Cocaine is a highly abused drug that imposes an enormous health, social, and economic toll on society. One of the main problems in the treatment of substance abuse is the propensity of addicts to relapse even long after the discontinuation of drug use. It is therefore critical to achieve a better understanding of the neurobiological mechanisms as well as the neural adaptations that occur during the course of withdrawal, in order to develop better-tailored treatments. To accurately study cocaine withdrawal in the laboratory, it is essential to use an animal model of drug exposure that captures some of the key features of human cocaine addiction. Previous studies have shown that rats exposed to extended daily access cocaine self-administration (SA) procedures result in a pattern of drug-intake (ie, escalation of drug intake with session day) similar to that seen in human addicts (Bozarth and Wise, 1985; Ahmed and Koob, 1998) as well as a number of other symptoms characteristic of human addiction, including increased motivation for cocaine (Paterson and Markou, 2003) and deficits in fronto-cortical function and cognition (Briand et al, 2008). Moreover, extended daily access to drugs of abuse produces changes in neural plasticity in several brain regions implicated in addictive behavior (Ferrario et al, 2005) and therefore, represents an excellent rat model to study the neural adaptations that accompany the cessation of cocaine exposure.

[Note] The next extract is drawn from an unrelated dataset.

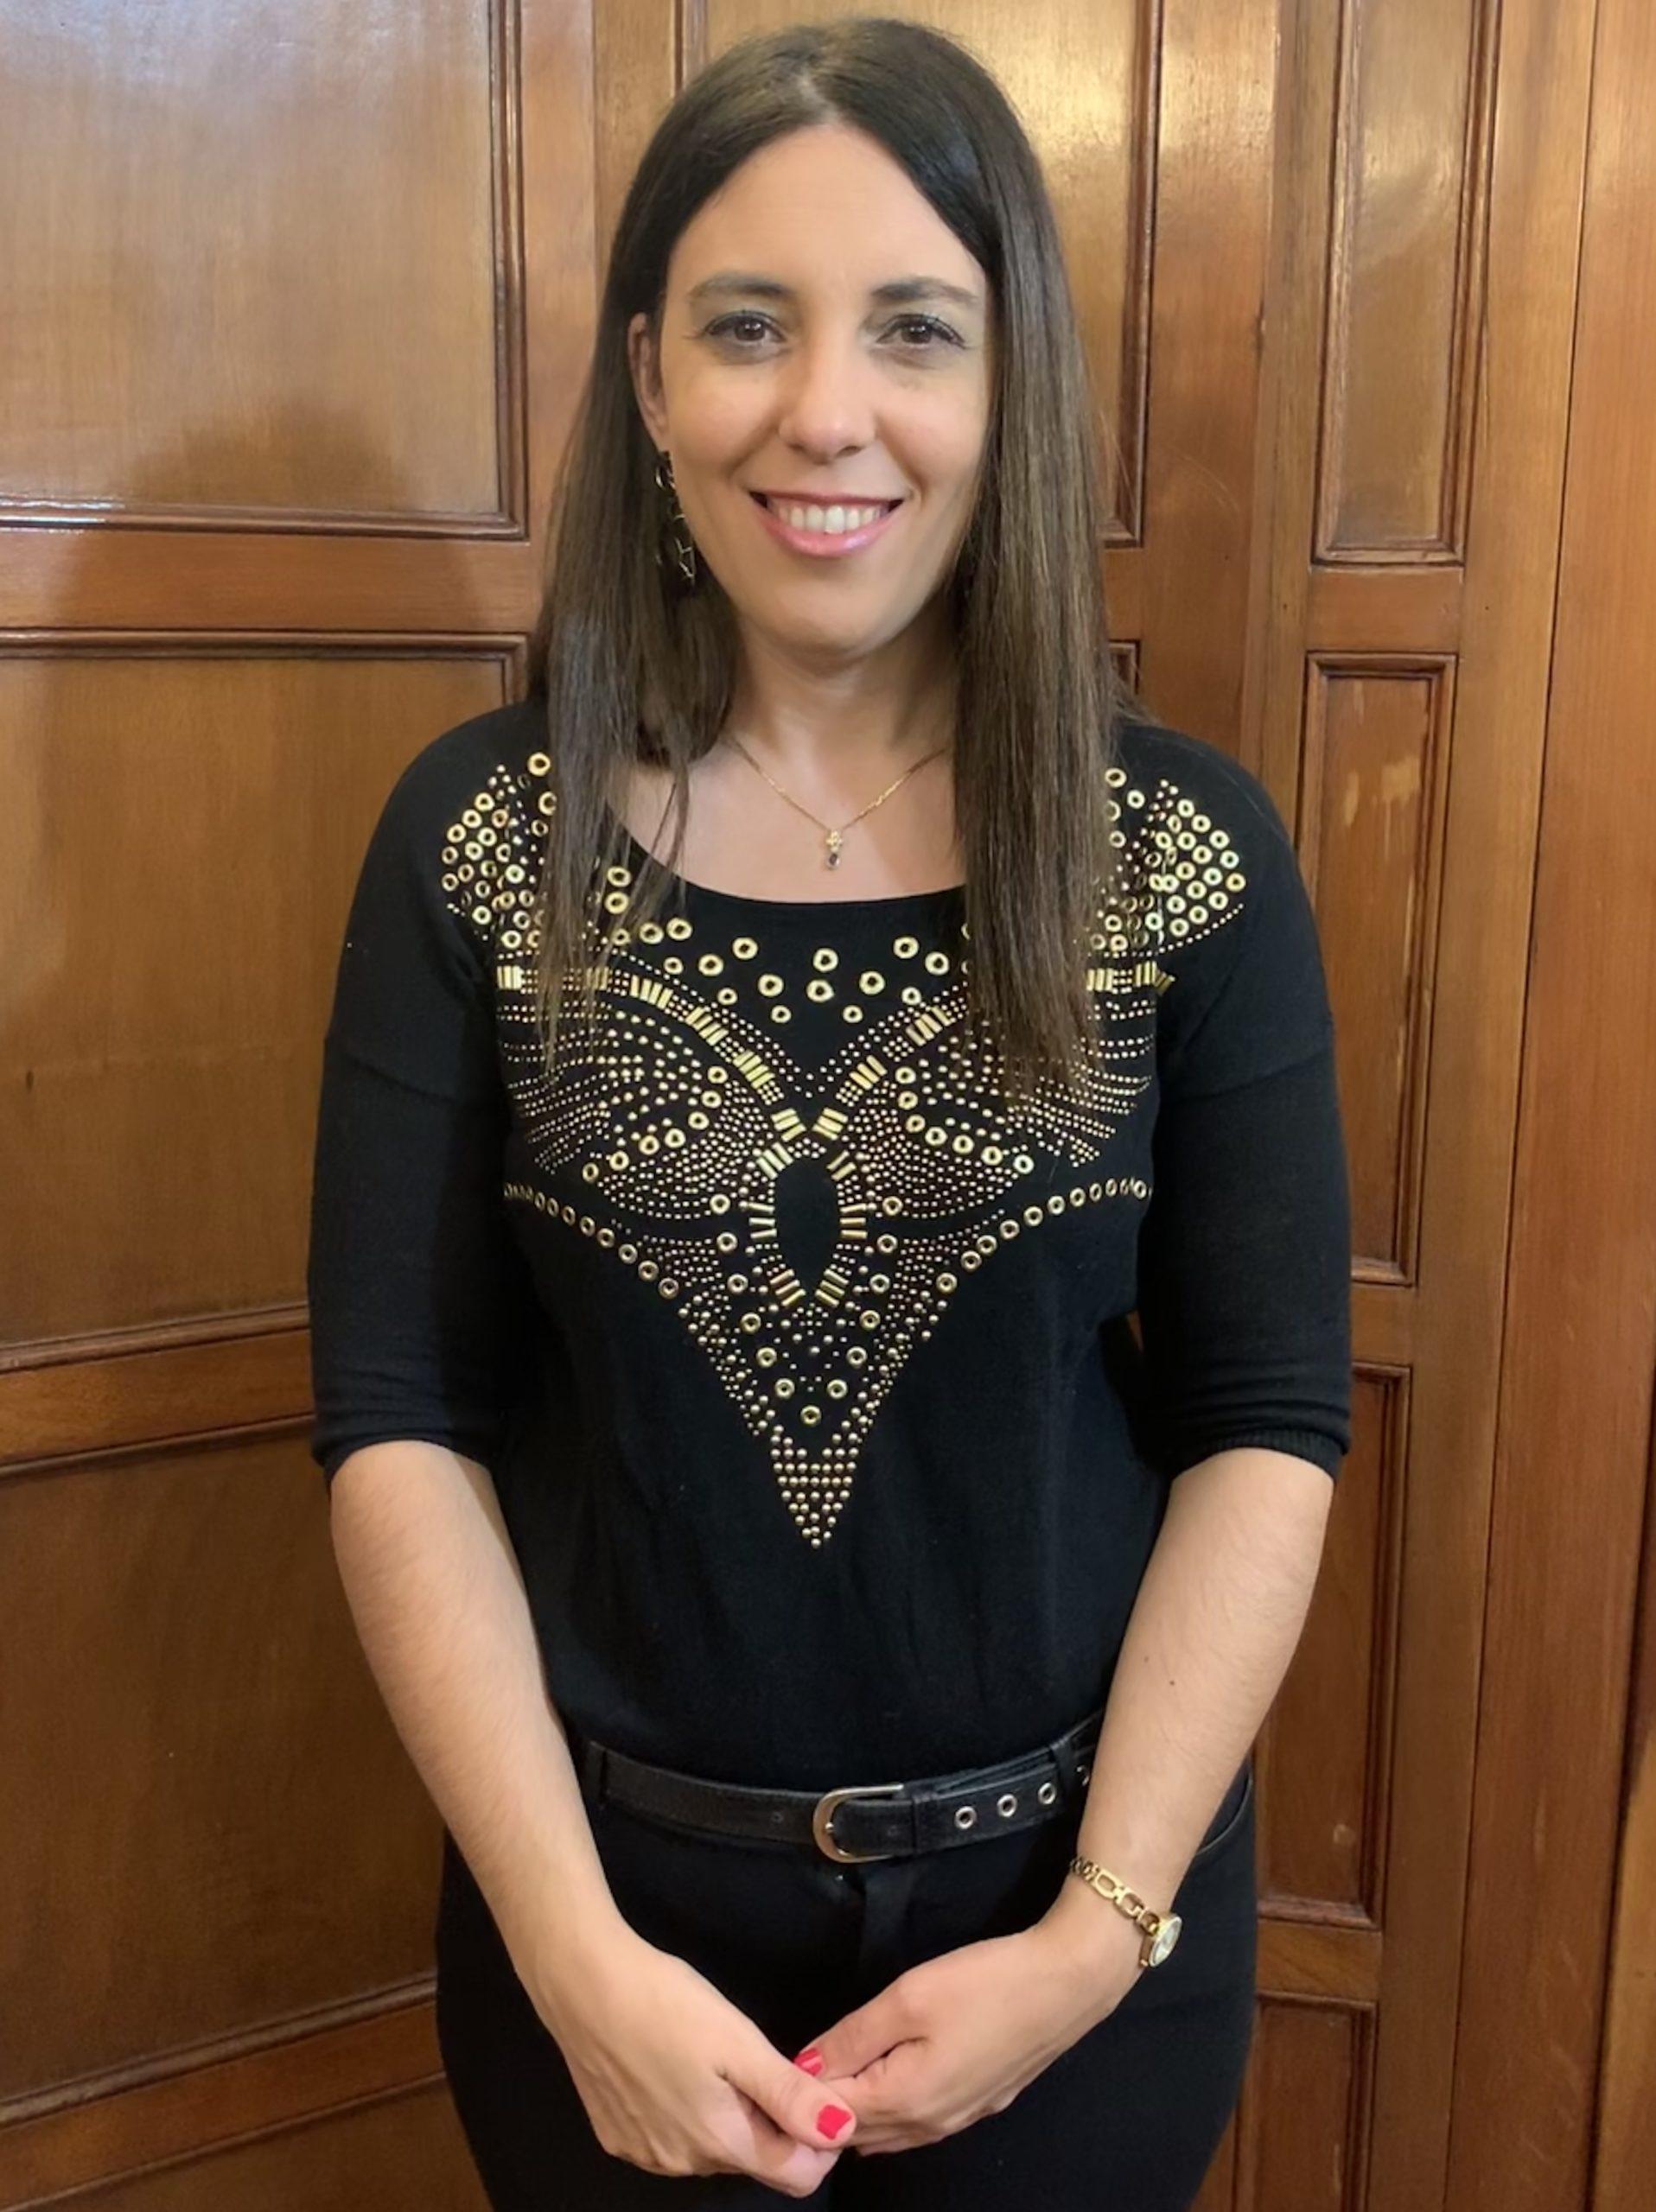 Dra. Paola Albertini

A great deal is known about the impact of cocaine on the reward circuitry in the brain, which contains cell bodies in the ventral tegmental area that project to the nucleus accumbens and the prefrontal cortex (Gold et al, 1989). Recently, however, much interest has been generated in understanding the role of neural structures outside of the primary reward pathway, as these regions can critically modulate aspects of the cocaine experience beyond its immediate rewarding effects, such as contextual learning, memory, and the motivational value associated with drug stimuli. One region of interest, the hippocampus, is highly interconnected with the reward system (Everitt and Robbins, 2005: Dietz et al, 2009) and can influence the learning component of addiction. Indeed, previous work has associated different facets of hippocampal plasticity with psychostimulant effects on contextual conditioning (Shen et al, 2006) and behavioral sensitization (Lodge and Grace, 2008; García-Fuster et al, 2010). In a recent study, reduced hippocampal neurogenesis, a novel drug-induced hippocampal neuroadaptation, was shown to confer vulnerability in an animal model of cocaine addiction (Noonan et al, 2010).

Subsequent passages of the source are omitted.